Le CHU de Poitiers décide de l’arrêt des soins pour Titouan, prématuré de quatre mois

Publié le 19 Sep 2014
Le CHU de Poitiers décide de l'arrêt des soins pour Titouan, prématuré de quatre mois L'Homme Nouveau

Le CHU de Poitiers a décidé hier 18 septembre l’arrêt des soins de Titouan, petit garçon né à quatre mois d’avance le 31 août dernier. À l’heure qu’il est, la mort du petit garçon n’est pas confirmée. Une situation aussi difficile que douloureuse qui pose, une fois de plus et de manière accrue, la question de la fin de vie, entre laisser mourir et acharnement thérapeutique.
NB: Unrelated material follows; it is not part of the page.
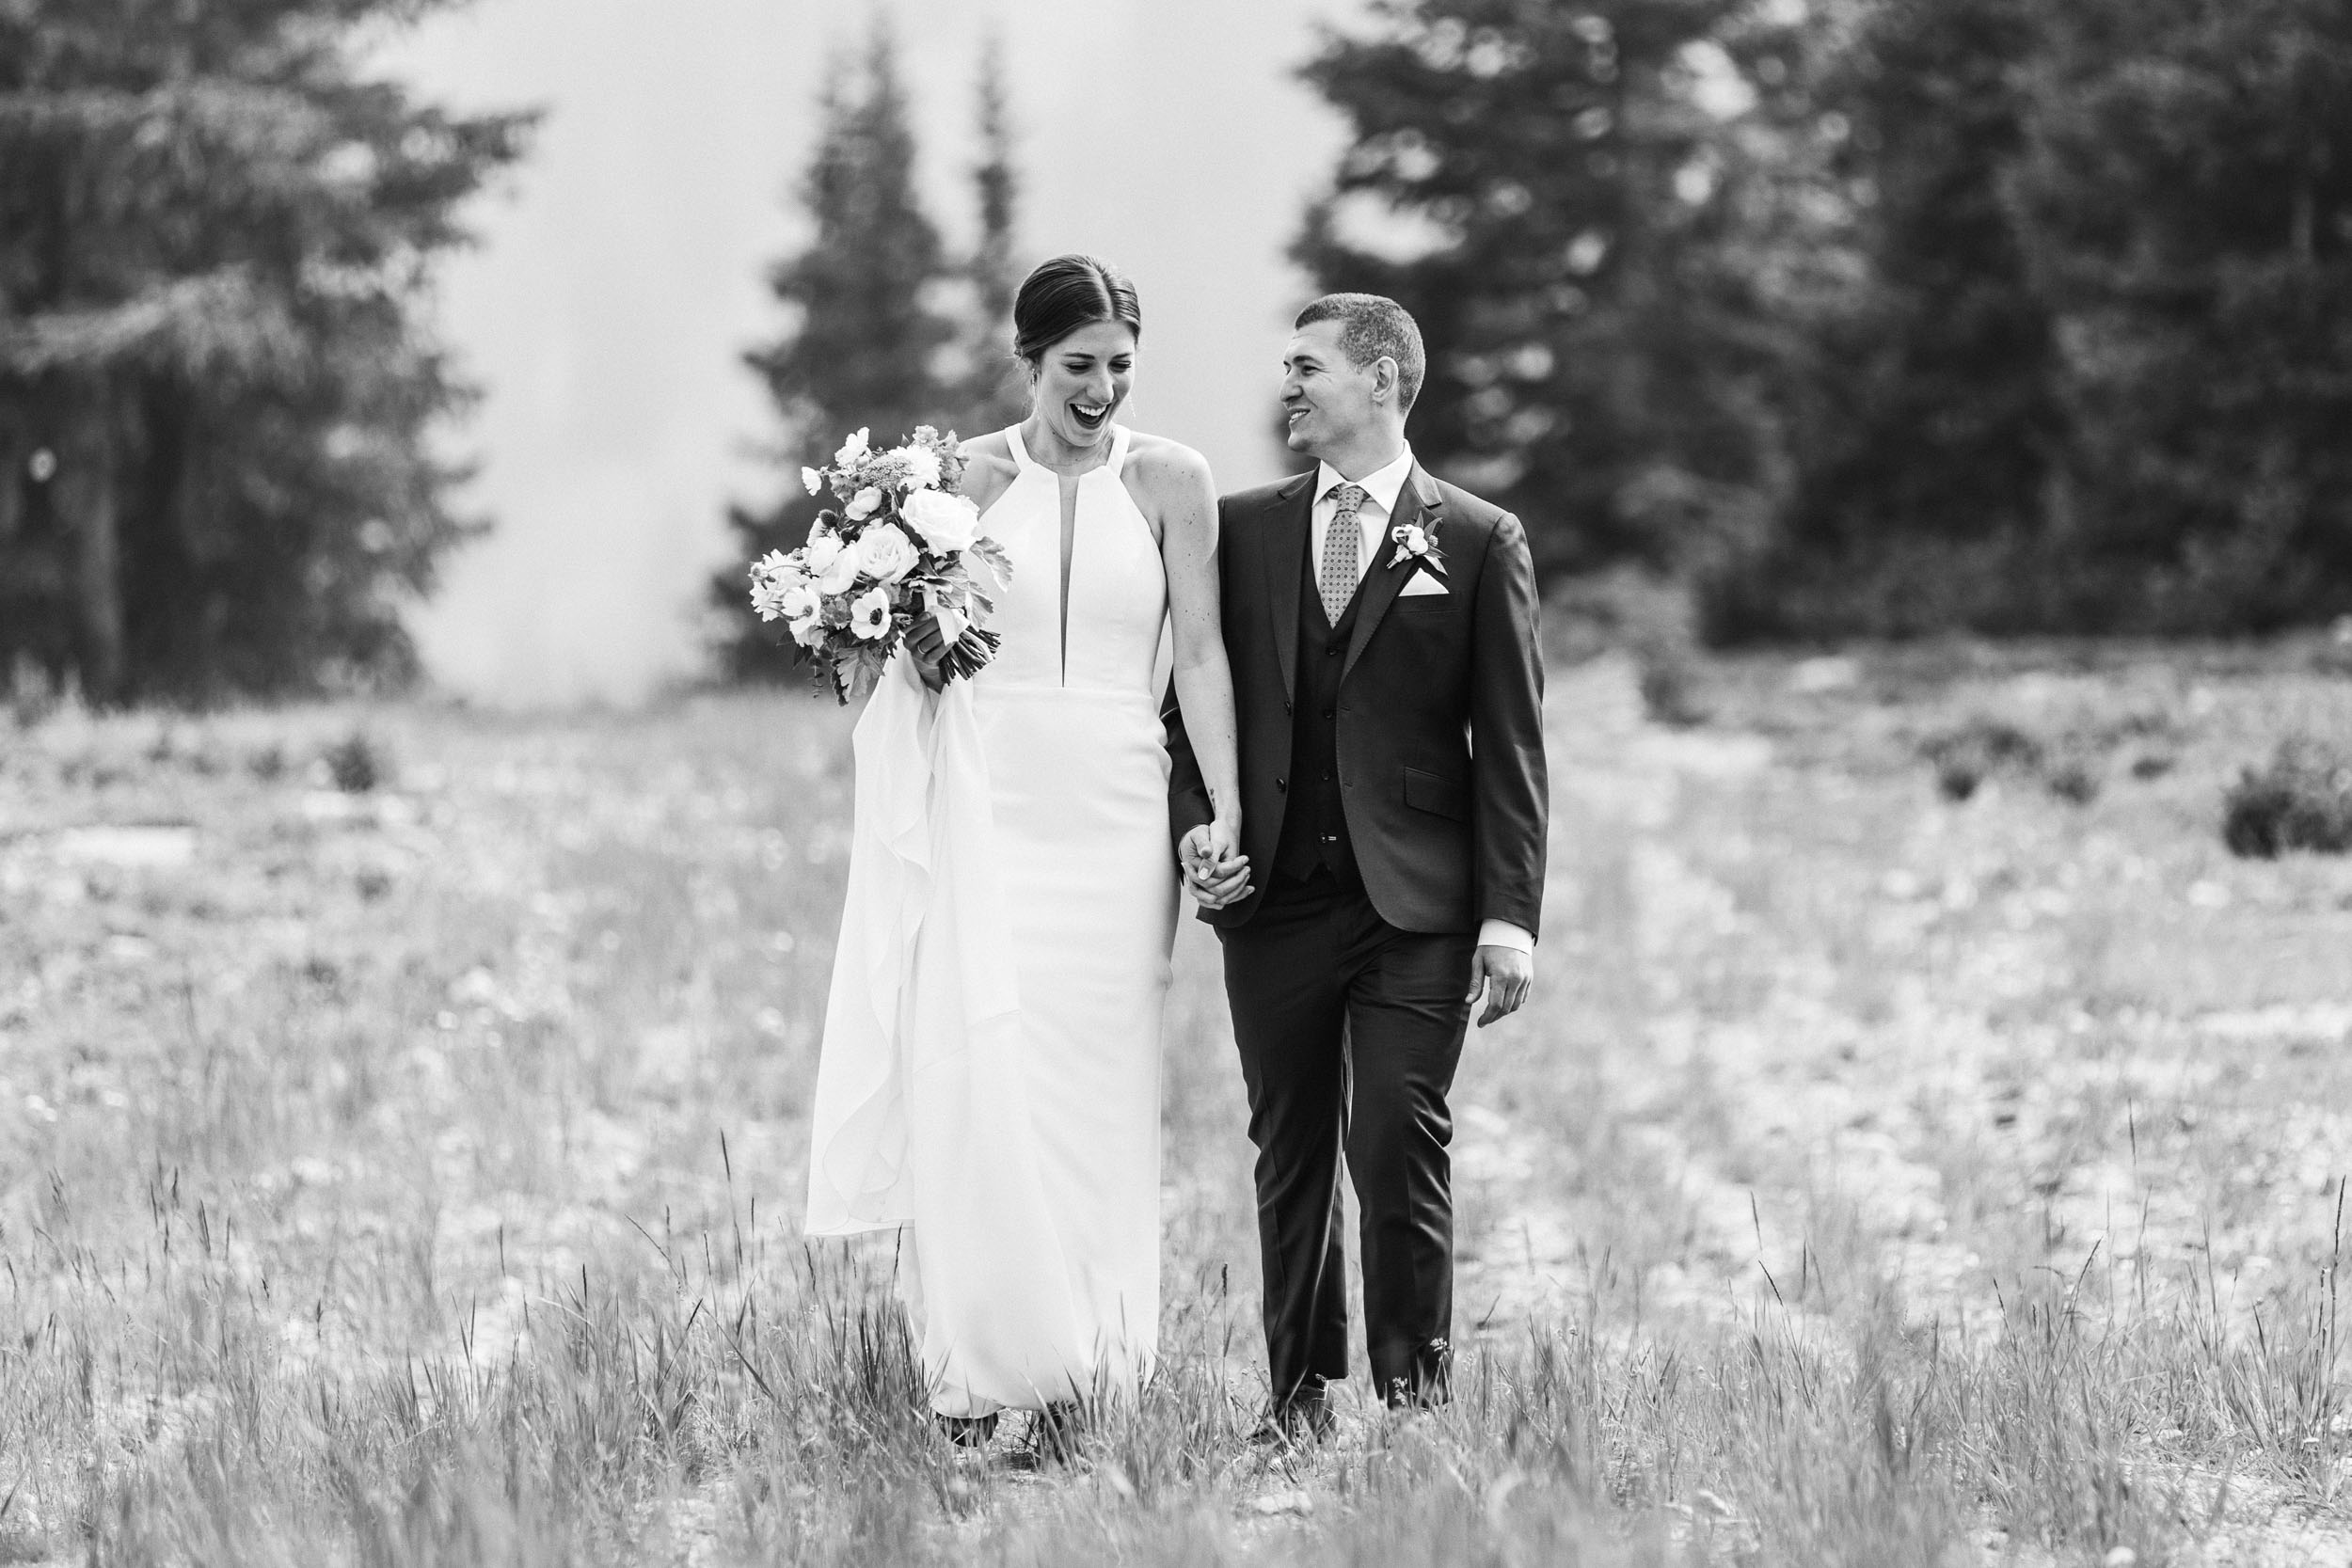 Winter Park Resort wedding photos by Shea McGrath Photography Colorado Wedding Photographer

Titouan devait naître le 18 décembre prochain. Il est arrivé quatre mois trop tôt et a été en outre victime d’une grave hémorragie cérébrale. Le corps médical l’avait donc placé en « réanimation d’attente » afin de prendre le temps d’étudier la situation en profondeur. Ses parents, Aurélien et Mélanie, effrayés par les risques de séquelles que présente une si grande prématurité, avaient accusé le corps médical d’acharnement thérapeutique et demandaient l’arrêt des soins.

La prématurité en France

On considère, selon les normes établies par l’Organisation mondiale de la Santé (OMS), comme prématurée toute naissance qui survient avant 37 semaines d’aménorrhée (SA), soit 35 semaines de grossesse. On distingue ensuite la prématurité moyenne (de 33 SA à 36 SA+ 6 jours), la grande prématurité (28 à 32 SA + 6 jours) et la très grande prématurité (avant 28 SA). En France, la limite pratique de viabilité est estimée à 24-25 semaines d’aménorrhée et/ou un poids de naissance d’au moins 500 grammes. Habituellement, si l’enfant naît avant 23 semaines d’aménorrhée, les médecins décident de ne pas intervenir et le placent directement en service de soins palliatifs.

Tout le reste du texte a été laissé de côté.